Story of a cloud platform
So I was working on a cloud platform that provided a graphical interface for customers to control their servers and even add/remove servers. There was an auto-upgrade/downgrade background service that decreased/increased each server’s resources based on the load and needs for that server. There was also the billing section that was handling the billing calculations based on a Pay As You Go policy. The problem was that everything should’ve been communicated with another API and then synced with the local database. Even the pricing for all services. So you probably can imagine that if there is a failure in communication, a lot of people can get into a lot of trouble if the failure doesn’t get fixed right away. It gets worse because of the fact that the external API that we had to communicate with is not in our control and nither we have a fast communication way with the developer team on the other side.
Designing the logger system
So in order to be able to fix failures and notice the API changes as soon as possible, we came up with the idea to make some changes to our simple logger service with adding a notification layer and another layer for generating highly detailed descriptions of the problem consist of the input data, the exact time and condition that caused the problem, all the details that could be gathered about the problem and at the end the final output.
In the notification layer, we added a list of errors and exceptions that are important for us and we need to get a notification if any of those happened. But most importantly, we had to be notified if errors that we didn’t specify occurred. And if you think about it, they matter the most because when you know some sort of errors might happen, you try as hard as you can to avoid them or at least have some routines that stop the error to cause any damage or much damage to the system and the business.
Performance optimizations
Generating highly detailed logs and sending notifications can use a lot of resources which is costly and can cause the main services to go slow or even crash if you don’t separate the logger service which doing that has some other risks itself and generating a whole bunch of new problems to figure out a solution for. What we ended up doing was finding the best balance that could optimize the use of resources and at the same time, generate the detailed logs where we needed them. There is no point to generate detailed logs for outputs that are completely anticipated so we filtered them out to a more simple logger system.
Conclusion
You won’t always need such a detailed logging service because you won’t often work on a service that is depended on an external API for highly sensitive operations that can affect the billing system directly. And keep in mind that a cloud platform that provides the basic infrastructures needed for other businesses and can affect them directly is way more error sensitive than other kinds of platforms. And of course, having a good logging service alone can’t really solve your problems.
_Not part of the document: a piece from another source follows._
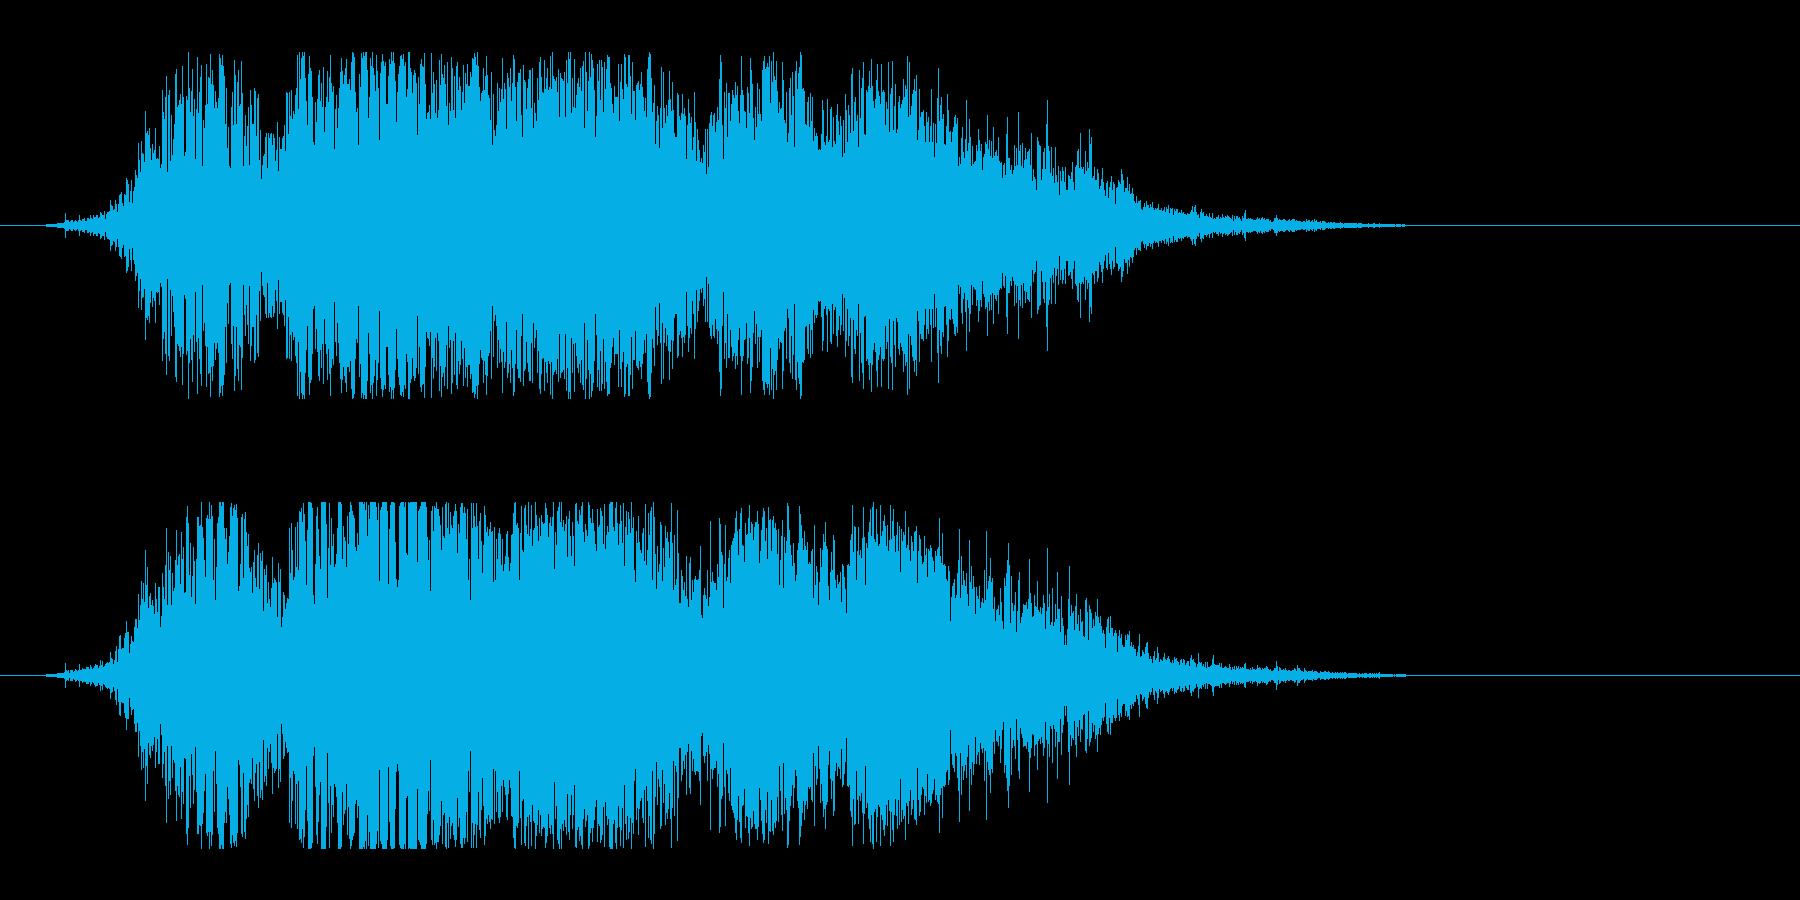 斬撃音(刀や剣で斬る/刺す効果音)11cの再生済みの波形

You need to have routines that get triggered when an error happens and avoid the error to cause any serious damage. A logging system is there just because we can’t really anticipate everything and expect no one to make a mistake, not to give us a reason to not spend enough time implementing measures for when an error happens. We all hate getting a notification in the middle of the night or in a party telling us we or someone else screwed up or made some changes that broke some of our stuff. So let’s be smart about it and avoid them by doing things as good as we can in the first place.